Nevertheless, these representations are gradually evolving. Increasingly, female figures emerge as leaders in the AI field, embodying possible success and stimulating the interest of younger generations. These evolutions impact attitudes and open the way for broader and more nuanced acceptance of technology.
It remains essential, however, to continue efforts to deconstruct persistent stereotypes, notably through education, media coverage, and promotion of real equality in technological sectors.
Measures and recommendations to reconcile women and artificial intelligence
Faced with the legitimate concerns raised by women about artificial intelligence, several levers must be activated to establish a climate of trust and guarantee beneficial and equitable integration of these technologies:
- Ensure complete transparency in the functioning of AI systems, with accessible information about their real impacts and limitations.
- Establish strict regulatory frameworks to prevent any form of discrimination, notably gender-related, in AI development and application.
- Promote active dialogue between developers, companies, public authorities, and civil society actors to consider all voices, especially women’s.
- Stimulate inclusive research by valuing projects integrating diversity and correcting algorithmic biases.

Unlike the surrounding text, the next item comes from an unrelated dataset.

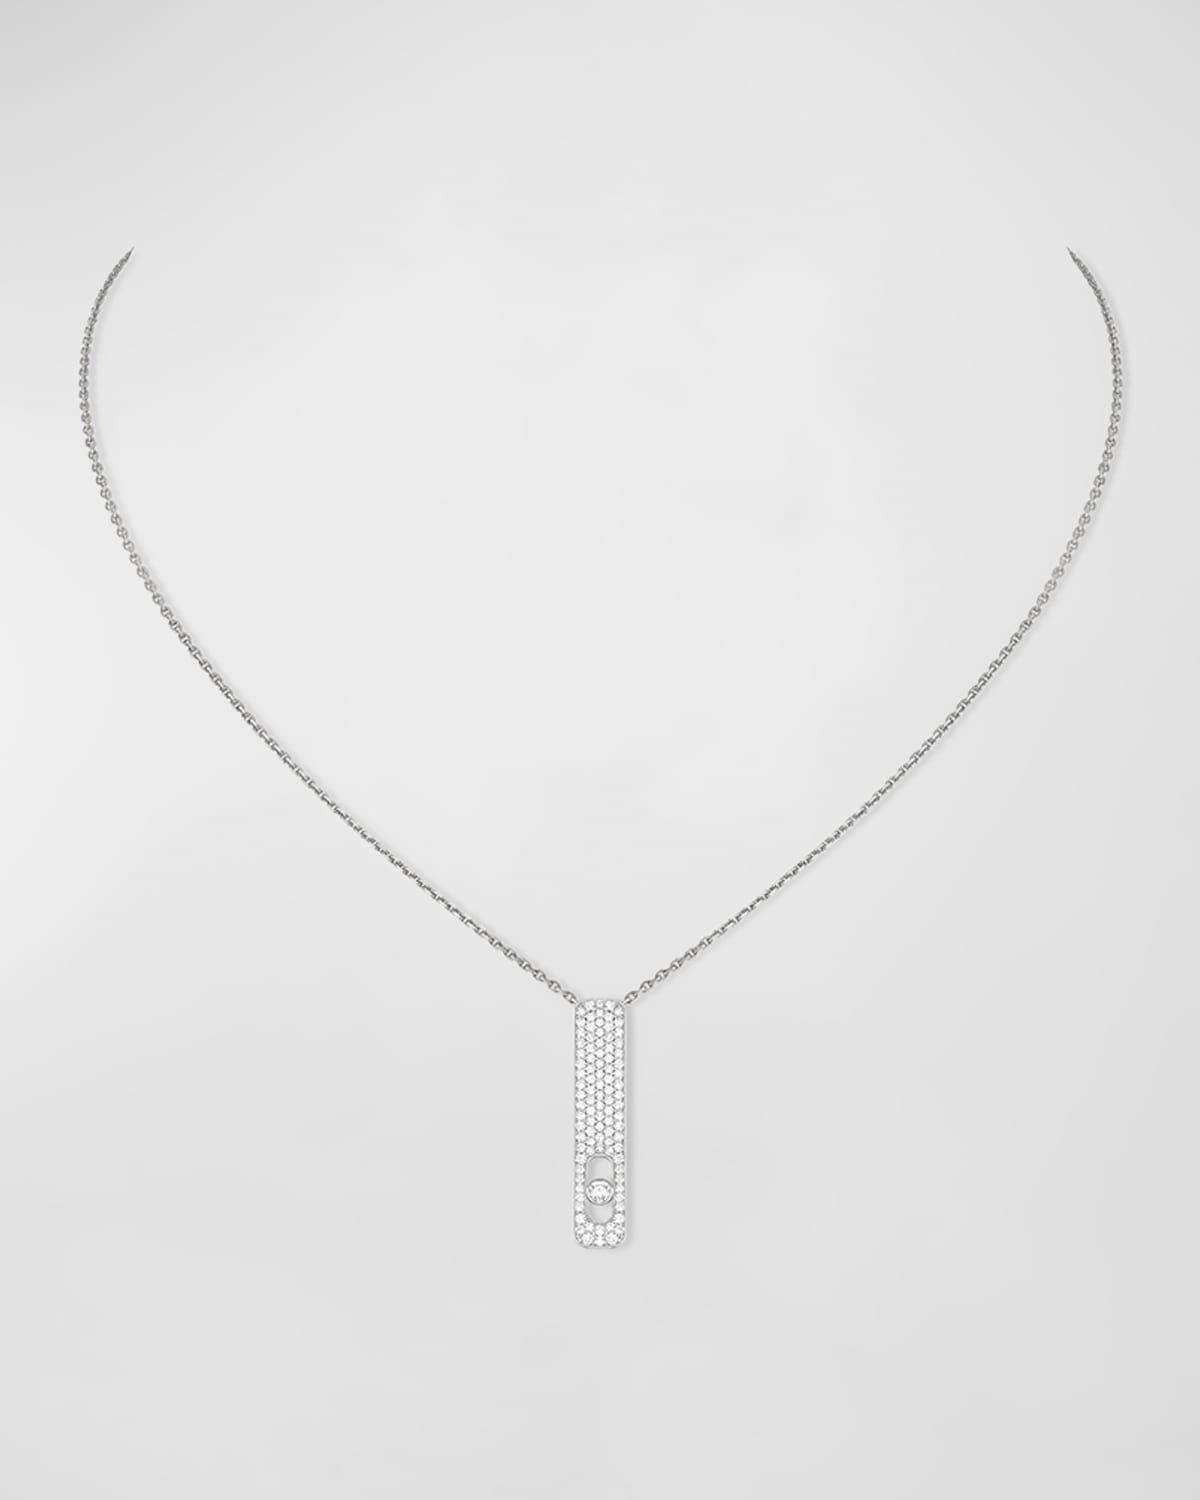 Jewel Tie 14K White Gold Heart Disc Charm 0.71 in x 0.55 in

- Develop training and retraining programs adapted to allow everyone, and especially women, to access the jobs of tomorrow.
These combined actions aim to transform apprehensions into opportunities, focusing on strengthened job security, real equality regarding technological innovations, and effective inclusion that makes artificial intelligence a driver of collective progress.

Why do women perceive more risks in artificial intelligence than men?
Women are often more exposed to jobs vulnerable to automation and generally have a lower risk tolerance, which influences their perception of AI as a technology potentially dangerous for their professional future.
How do gender biases impact AI development?
Gender biases in algorithms stem from development teams that are often not very diverse, which can reinforce stereotypes and discrimination, notably in recruitment or service access.
What measures can improve the inclusion of women in the AI sector?
It is essential to promote STEM studies among girls, establish inclusive hiring policies, and develop continuous training to strengthen the female presence in technological professions.
Does artificial intelligence really threaten women’s job security?
Certain tasks predominantly performed by women are more exposed to automation, which raises concrete concerns. Adapted policies and ongoing training are necessary to secure professional paths.
How to encourage more women to get involved in AI technologies?
Increased visibility of female role models, awareness from an early age, and support within companies help encourage and retain women in these sectors.